Джек Лондон - Смирительная рубашка
Я быстро обернулся, ища глазами мать, но и она уже лежала на песке. Сбоку из кустов прямо на нас выскочили индейцы — их были сотни, — и все они палили в нас. Я увидел, как две сестры Дэнлеп бросились бежать в сторону, и побежал за ними, потому что и белые и индейцы убивали всех нас без разбору. На бегу я еще увидел, как возница одного из фургонов пристрелил двоих раненых. Лошади второго фургона рвались, бились в постромках и вставали на дыбы, а возница старался их удержать…

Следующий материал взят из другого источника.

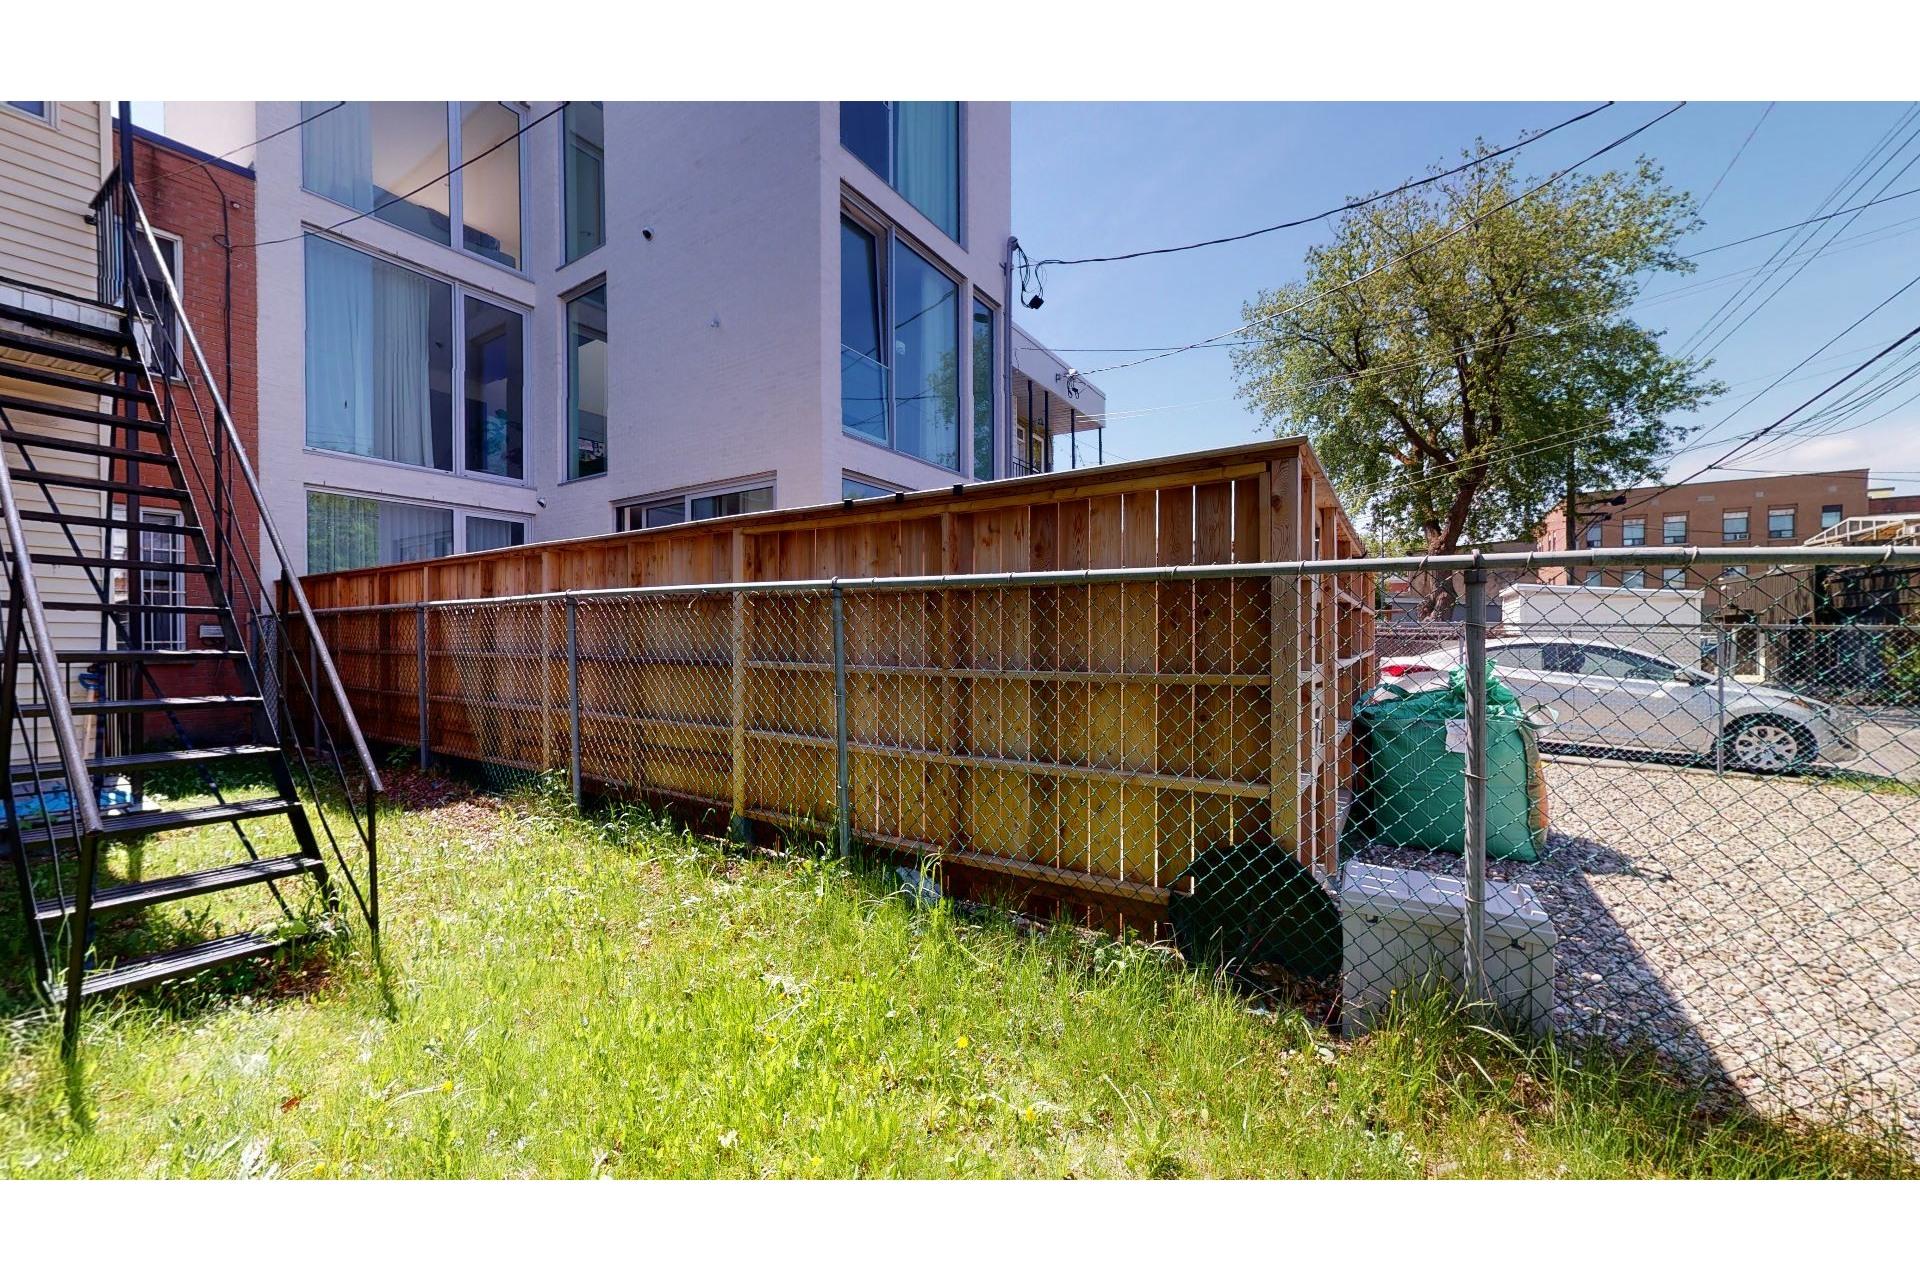 image 4 - Duplex À vendre Rosemont/La Petite-Patrie Montréal  - 4 pièces

* * *В то мгновение, когда девятилетний мальчик, которым я был когда-то, бросился бежать вслед за сестрами Дэнлеп, на него обрушился мрак и поглотил его. На этом обрывается все, что хранила память Джесси Фэнчера, ибо в это мгновение Джесси Фэнчер как таковой перестал существовать навсегда. То, что было Джесси Фэнчером, форма, в которую это нечто было облечено, тело Джесси Фэнчера, то есть материя, или видимость, как всякая видимость исчезла, ее не стало. Но дух не преходящ, и он не исчез. Он продолжал существовать и в своем следующем воплощении нашел свою временную оболочку в теле некоего Даррела Стэндинга, которое скоро будет выведено из этой камеры, повешено на веревке и отправлено в небытие, где оно исчезнет так же, как исчезает все, что не больше как видимость.
Здесь, в тюрьме Фолсем, содержится Мэтью Дэвис, отбывающий пожизненное заключение. Он староста камеры смертников. Это уже глубокий старик, а его родители были одними из первых поселенцев в этих местах. Я беседовал с ним, и он подтвердил, то истребление каравана переселенцев, во время которого погиб Джесси Фэнчер, действительно произошло. Когда этот старик был еще ребенком, у них в семье одно время только и разговору было что о резне на Горных Лугах. Остались в живых одни лишь ребятишки, ехавшие в фургоне, сказал он. Их пощадили, потому что они были слишком малы и не могли рассказать о случившемся.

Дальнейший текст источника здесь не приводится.